Scheme 1 Amino acid sequences of ZF proteins applied in this study in aligned with related ZF sequences. P-1MEY-PDB: the protein used in the crystallization study;⁴⁴ P-1MEY: the original protein extended with a deka-His tag sequence for the purification purpose; P-1MEY#: the redesigned protein with the ATCUN motif masked by the single Ni(II)-hydrolysable N-terminal sequence; ZF Tools: the protein predicted by the Zinc Finger Tools program¹³ to recognize the specific 5′-GAGGCAGAA-3′ DNA sequence; ZF Tools (FS): the fixed sequences applied by the Zinc Finger Tools program without the variable regions responsible for DNA recognition (denoted by XXXXXXX in each finger unit); Sp1: a ZF protein sequence having two Ni(II) sensitive sites in the 3^rd finger unit (similarly to the P-1MEY protein); CP-1 (2015): the 26 amino acids long consensus ZF peptide sequence found by Goldberg et al.;⁴⁷ CP-1: the 26 amino acids long consensus ZF peptide sequence established and investigated by Berg et al.⁴⁶ Ni(II)-hydrolytic sites are underlined and bolded, the conserved Zn(II)-binding sites are marked yellow, the modifications suggested by Zinc Finger Tools are marked light blue, and the experimentally performed mutations are marked magenta.
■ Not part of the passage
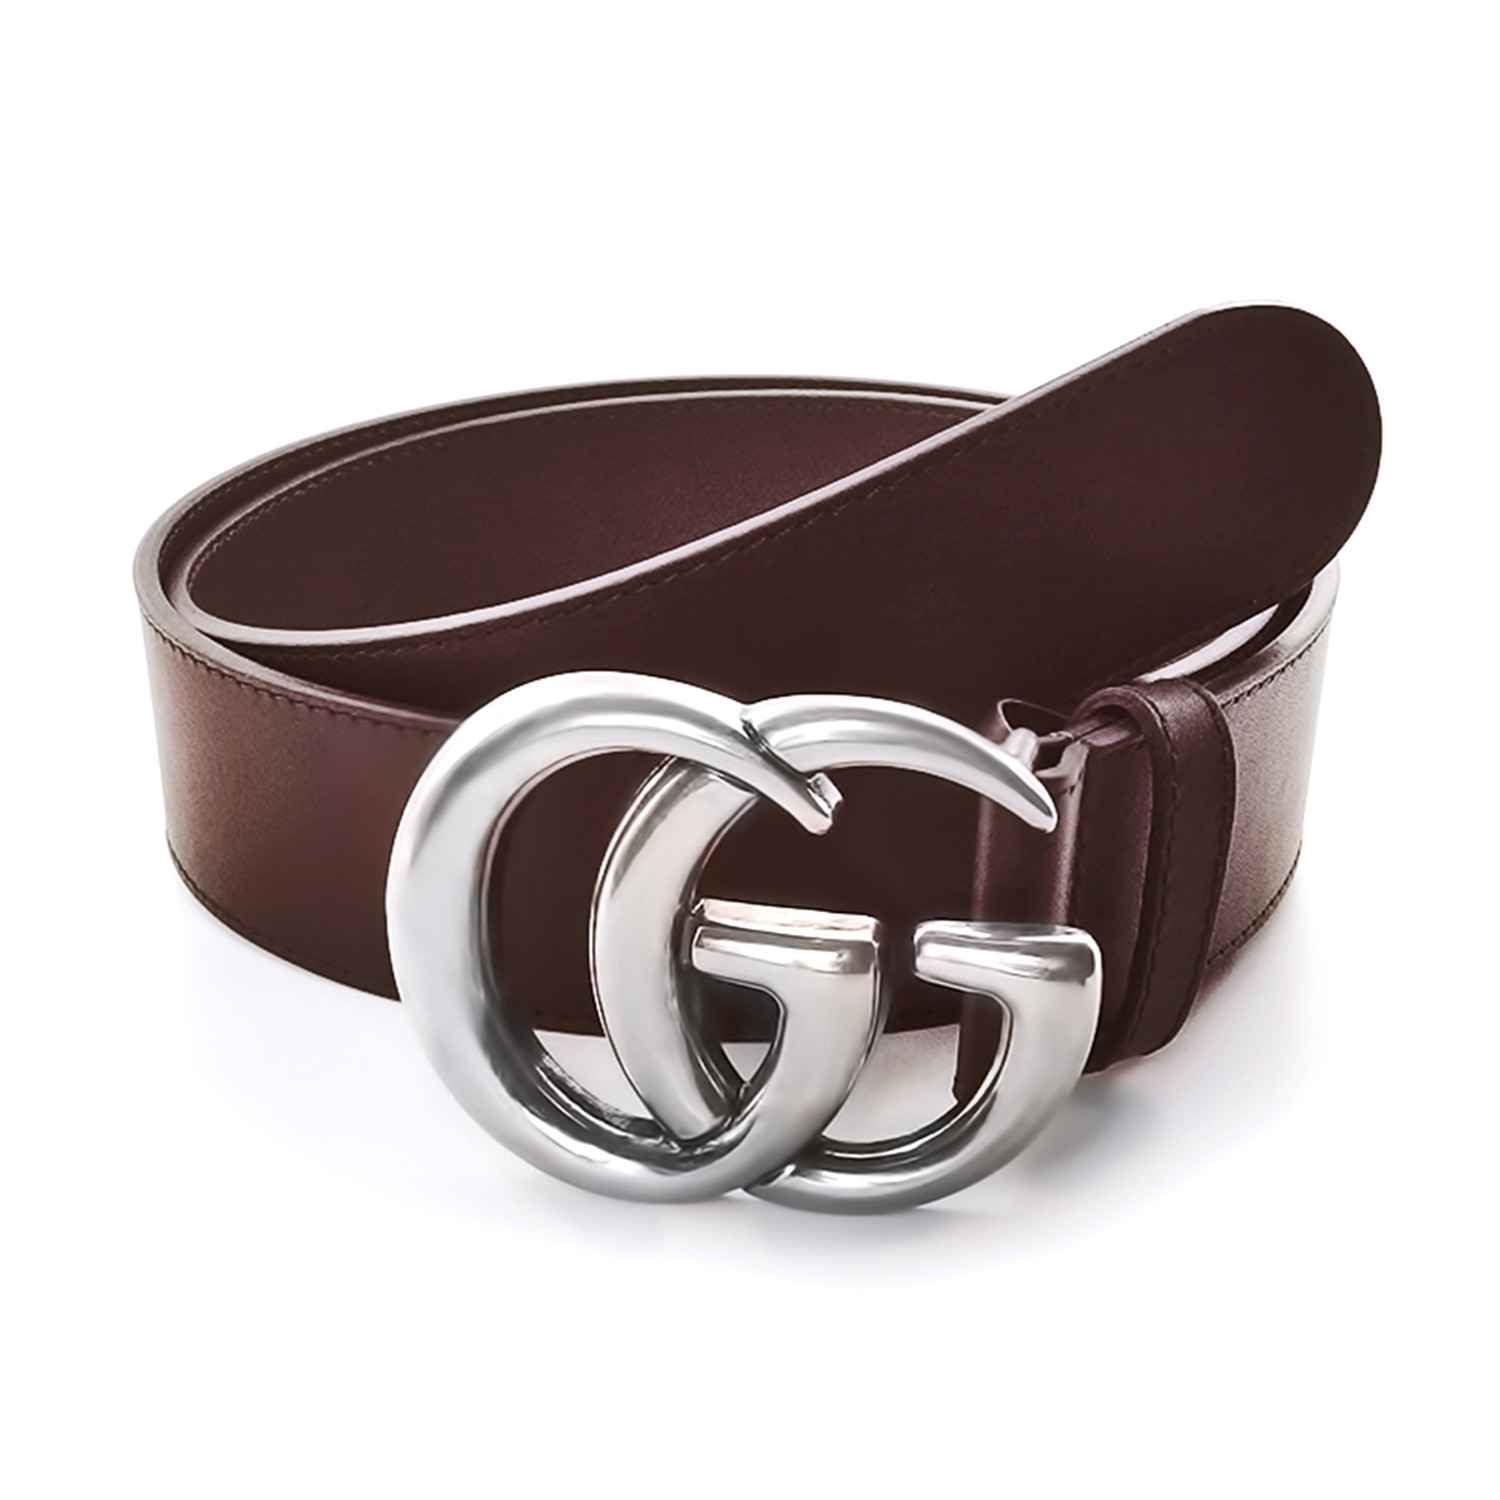 gg silver belt

P-1MEY contains three X(S/T)XHX sequence motifs that can undergo hydrolytic cleavage upon Ni(II)-binding. Two of them are located close to each other within the DNA recognition region of the 3^rd ZF unit (similarly to the 3^rd ZF unit of Sp1 – Scheme 1), while the third sequence is located between the N-terminal deka-His tag and the ZF protein sequence. Based on the experiments with the Sp1 C-terminal peptide³² the possible Ni(II)-dependent hydrolysis within the 3^rd ZF unit of P-1MEY may be expected to affect the properties of this finger. Therefore, we redesigned P-1MEY ZF protein into P-1MEY# with a single Ni(II)-sensitive sequence at the N-terminus, by editing out the hydrolysable sequences in the 3^rd finger.

Since the necessary substitutions fall within the DNA recognition sequence, the Zinc Finger Tools program¹³ was utilized to maintain the DNA binding specificity. For the target DNA sequence derived from the 1MEY/DNA structure,⁴⁴ the program yielded a ZF protein sequence differing at various sites from the original one (Zinc Finger Tools sequence in Scheme 1). To obtain the P-1MEY# protein we introduced only the minimal changes limited to the 3^rd ZF unit involving the His to Asn (H99N) and Ser to Val (S101V) substitutions (Scheme 1; see the Materials and methods section for details).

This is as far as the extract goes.